---------- AVAILABLE RECORDS

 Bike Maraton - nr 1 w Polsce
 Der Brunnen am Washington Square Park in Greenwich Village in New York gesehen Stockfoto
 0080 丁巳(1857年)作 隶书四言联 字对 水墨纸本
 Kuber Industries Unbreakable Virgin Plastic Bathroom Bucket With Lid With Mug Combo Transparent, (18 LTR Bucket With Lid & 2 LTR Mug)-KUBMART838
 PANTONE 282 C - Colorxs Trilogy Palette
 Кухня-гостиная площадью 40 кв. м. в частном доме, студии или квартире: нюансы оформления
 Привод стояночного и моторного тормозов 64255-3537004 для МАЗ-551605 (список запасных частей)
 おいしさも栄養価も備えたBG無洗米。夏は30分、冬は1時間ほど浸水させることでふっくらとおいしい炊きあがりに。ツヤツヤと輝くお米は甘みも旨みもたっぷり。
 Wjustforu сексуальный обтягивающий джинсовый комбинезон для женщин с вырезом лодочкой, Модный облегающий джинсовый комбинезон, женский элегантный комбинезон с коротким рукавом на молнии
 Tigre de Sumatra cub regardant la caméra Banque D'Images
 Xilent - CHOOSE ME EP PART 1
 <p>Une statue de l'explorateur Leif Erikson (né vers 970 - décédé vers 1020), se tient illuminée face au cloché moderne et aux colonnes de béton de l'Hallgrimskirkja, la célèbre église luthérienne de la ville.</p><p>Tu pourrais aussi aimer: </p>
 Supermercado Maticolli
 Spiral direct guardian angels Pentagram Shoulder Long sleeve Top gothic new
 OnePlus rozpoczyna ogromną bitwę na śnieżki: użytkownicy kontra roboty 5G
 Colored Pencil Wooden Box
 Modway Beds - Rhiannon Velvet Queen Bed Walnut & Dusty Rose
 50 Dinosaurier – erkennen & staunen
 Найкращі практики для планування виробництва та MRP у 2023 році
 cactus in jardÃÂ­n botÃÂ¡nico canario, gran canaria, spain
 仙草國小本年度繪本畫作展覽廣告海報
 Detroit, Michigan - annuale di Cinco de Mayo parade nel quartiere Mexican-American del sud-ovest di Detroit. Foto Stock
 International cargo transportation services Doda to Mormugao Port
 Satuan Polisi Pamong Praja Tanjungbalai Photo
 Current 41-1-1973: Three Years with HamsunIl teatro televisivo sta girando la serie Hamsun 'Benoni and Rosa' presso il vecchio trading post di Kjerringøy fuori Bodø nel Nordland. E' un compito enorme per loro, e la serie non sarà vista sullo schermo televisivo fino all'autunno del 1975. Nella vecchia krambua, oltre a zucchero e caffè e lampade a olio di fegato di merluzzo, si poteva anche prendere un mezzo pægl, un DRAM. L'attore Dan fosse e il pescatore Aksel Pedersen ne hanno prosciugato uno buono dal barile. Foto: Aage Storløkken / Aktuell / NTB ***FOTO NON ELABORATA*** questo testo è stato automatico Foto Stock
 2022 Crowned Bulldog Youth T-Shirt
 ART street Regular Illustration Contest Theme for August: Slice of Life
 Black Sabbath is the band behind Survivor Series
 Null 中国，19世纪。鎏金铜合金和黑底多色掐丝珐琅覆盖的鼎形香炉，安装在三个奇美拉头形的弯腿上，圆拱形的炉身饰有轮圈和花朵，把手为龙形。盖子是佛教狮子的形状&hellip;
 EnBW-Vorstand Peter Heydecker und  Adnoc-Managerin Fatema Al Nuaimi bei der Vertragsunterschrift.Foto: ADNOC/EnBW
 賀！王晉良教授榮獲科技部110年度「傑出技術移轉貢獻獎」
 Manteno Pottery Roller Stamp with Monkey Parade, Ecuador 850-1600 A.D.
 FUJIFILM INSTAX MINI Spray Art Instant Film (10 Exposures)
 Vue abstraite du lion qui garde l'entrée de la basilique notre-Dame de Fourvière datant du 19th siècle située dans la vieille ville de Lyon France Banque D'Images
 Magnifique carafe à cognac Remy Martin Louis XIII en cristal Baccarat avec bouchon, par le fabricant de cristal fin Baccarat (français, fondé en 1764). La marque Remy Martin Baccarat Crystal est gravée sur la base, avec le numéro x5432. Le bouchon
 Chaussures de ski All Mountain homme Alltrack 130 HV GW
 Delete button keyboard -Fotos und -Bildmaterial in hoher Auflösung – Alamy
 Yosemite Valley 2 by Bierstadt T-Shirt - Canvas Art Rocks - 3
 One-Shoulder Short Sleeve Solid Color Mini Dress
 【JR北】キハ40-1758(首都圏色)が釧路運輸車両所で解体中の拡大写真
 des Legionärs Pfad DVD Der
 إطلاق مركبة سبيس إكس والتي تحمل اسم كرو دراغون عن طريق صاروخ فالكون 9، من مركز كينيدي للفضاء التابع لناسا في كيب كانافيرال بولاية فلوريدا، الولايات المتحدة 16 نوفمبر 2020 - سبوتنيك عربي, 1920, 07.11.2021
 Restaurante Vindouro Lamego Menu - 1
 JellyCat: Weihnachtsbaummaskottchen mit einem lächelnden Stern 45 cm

--------------------

— ASSIGNMENT —
The full set of records above must be reproduced exactly in the reply.

— RESULT FOR THIS TASK —
 Bike Maraton - nr 1 w Polsce
 Der Brunnen am Washington Square Park in Greenwich Village in New York gesehen Stockfoto
 0080 丁巳(1857年)作 隶书四言联 字对 水墨纸本
 Kuber Industries Unbreakable Virgin Plastic Bathroom Bucket With Lid With Mug Combo Transparent, (18 LTR Bucket With Lid & 2 LTR Mug)-KUBMART838
 PANTONE 282 C - Colorxs Trilogy Palette
 Кухня-гостиная площадью 40 кв. м. в частном доме, студии или квартире: нюансы оформления
 Привод стояночного и моторного тормозов 64255-3537004 для МАЗ-551605 (список запасных частей)
 おいしさも栄養価も備えたBG無洗米。夏は30分、冬は1時間ほど浸水させることでふっくらとおいしい炊きあがりに。ツヤツヤと輝くお米は甘みも旨みもたっぷり。
 Wjustforu сексуальный обтягивающий джинсовый комбинезон для женщин с вырезом лодочкой, Модный облегающий джинсовый комбинезон, женский элегантный комбинезон с коротким рукавом на молнии
 Tigre de Sumatra cub regardant la caméra Banque D'Images
 Xilent - CHOOSE ME EP PART 1
 <p>Une statue de l'explorateur Leif Erikson (né vers 970 - décédé vers 1020), se tient illuminée face au cloché moderne et aux colonnes de béton de l'Hallgrimskirkja, la célèbre église luthérienne de la ville.</p><p>Tu pourrais aussi aimer: </p>
 Supermercado Maticolli
 Spiral direct guardian angels Pentagram Shoulder Long sleeve Top gothic new
 OnePlus rozpoczyna ogromną bitwę na śnieżki: użytkownicy kontra roboty 5G
 Colored Pencil Wooden Box
 Modway Beds - Rhiannon Velvet Queen Bed Walnut & Dusty Rose
 50 Dinosaurier – erkennen & staunen
 Найкращі практики для планування виробництва та MRP у 2023 році
 cactus in jardÃÂ­n botÃÂ¡nico canario, gran canaria, spain
 仙草國小本年度繪本畫作展覽廣告海報
 Detroit, Michigan - annuale di Cinco de Mayo parade nel quartiere Mexican-American del sud-ovest di Detroit. Foto Stock
 International cargo transportation services Doda to Mormugao Port
 Satuan Polisi Pamong Praja Tanjungbalai Photo
 Current 41-1-1973: Three Years with HamsunIl teatro televisivo sta girando la serie Hamsun 'Benoni and Rosa' presso il vecchio trading post di Kjerringøy fuori Bodø nel Nordland. E' un compito enorme per loro, e la serie non sarà vista sullo schermo televisivo fino all'autunno del 1975. Nella vecchia krambua, oltre a zucchero e caffè e lampade a olio di fegato di merluzzo, si poteva anche prendere un mezzo pægl, un DRAM. L'attore Dan fosse e il pescatore Aksel Pedersen ne hanno prosciugato uno buono dal barile. Foto: Aage Storløkken / Aktuell / NTB ***FOTO NON ELABORATA*** questo testo è stato automatico Foto Stock
 2022 Crowned Bulldog Youth T-Shirt
 ART street Regular Illustration Contest Theme for August: Slice of Life
 Black Sabbath is the band behind Survivor Series
 Null 中国，19世纪。鎏金铜合金和黑底多色掐丝珐琅覆盖的鼎形香炉，安装在三个奇美拉头形的弯腿上，圆拱形的炉身饰有轮圈和花朵，把手为龙形。盖子是佛教狮子的形状&hellip;
 EnBW-Vorstand Peter Heydecker und  Adnoc-Managerin Fatema Al Nuaimi bei der Vertragsunterschrift.Foto: ADNOC/EnBW
 賀！王晉良教授榮獲科技部110年度「傑出技術移轉貢獻獎」
 Manteno Pottery Roller Stamp with Monkey Parade, Ecuador 850-1600 A.D.
 FUJIFILM INSTAX MINI Spray Art Instant Film (10 Exposures)
 Vue abstraite du lion qui garde l'entrée de la basilique notre-Dame de Fourvière datant du 19th siècle située dans la vieille ville de Lyon France Banque D'Images
 Magnifique carafe à cognac Remy Martin Louis XIII en cristal Baccarat avec bouchon, par le fabricant de cristal fin Baccarat (français, fondé en 1764). La marque Remy Martin Baccarat Crystal est gravée sur la base, avec le numéro x5432. Le bouchon
 Chaussures de ski All Mountain homme Alltrack 130 HV GW
 Delete button keyboard -Fotos und -Bildmaterial in hoher Auflösung – Alamy
 Yosemite Valley 2 by Bierstadt T-Shirt - Canvas Art Rocks - 3
 One-Shoulder Short Sleeve Solid Color Mini Dress
 【JR北】キハ40-1758(首都圏色)が釧路運輸車両所で解体中の拡大写真
 des Legionärs Pfad DVD Der
 إطلاق مركبة سبيس إكس والتي تحمل اسم كرو دراغون عن طريق صاروخ فالكون 9، من مركز كينيدي للفضاء التابع لناسا في كيب كانافيرال بولاية فلوريدا، الولايات المتحدة 16 نوفمبر 2020 - سبوتنيك عربي, 1920, 07.11.2021
 Restaurante Vindouro Lamego Menu - 1
 JellyCat: Weihnachtsbaummaskottchen mit einem lächelnden Stern 45 cm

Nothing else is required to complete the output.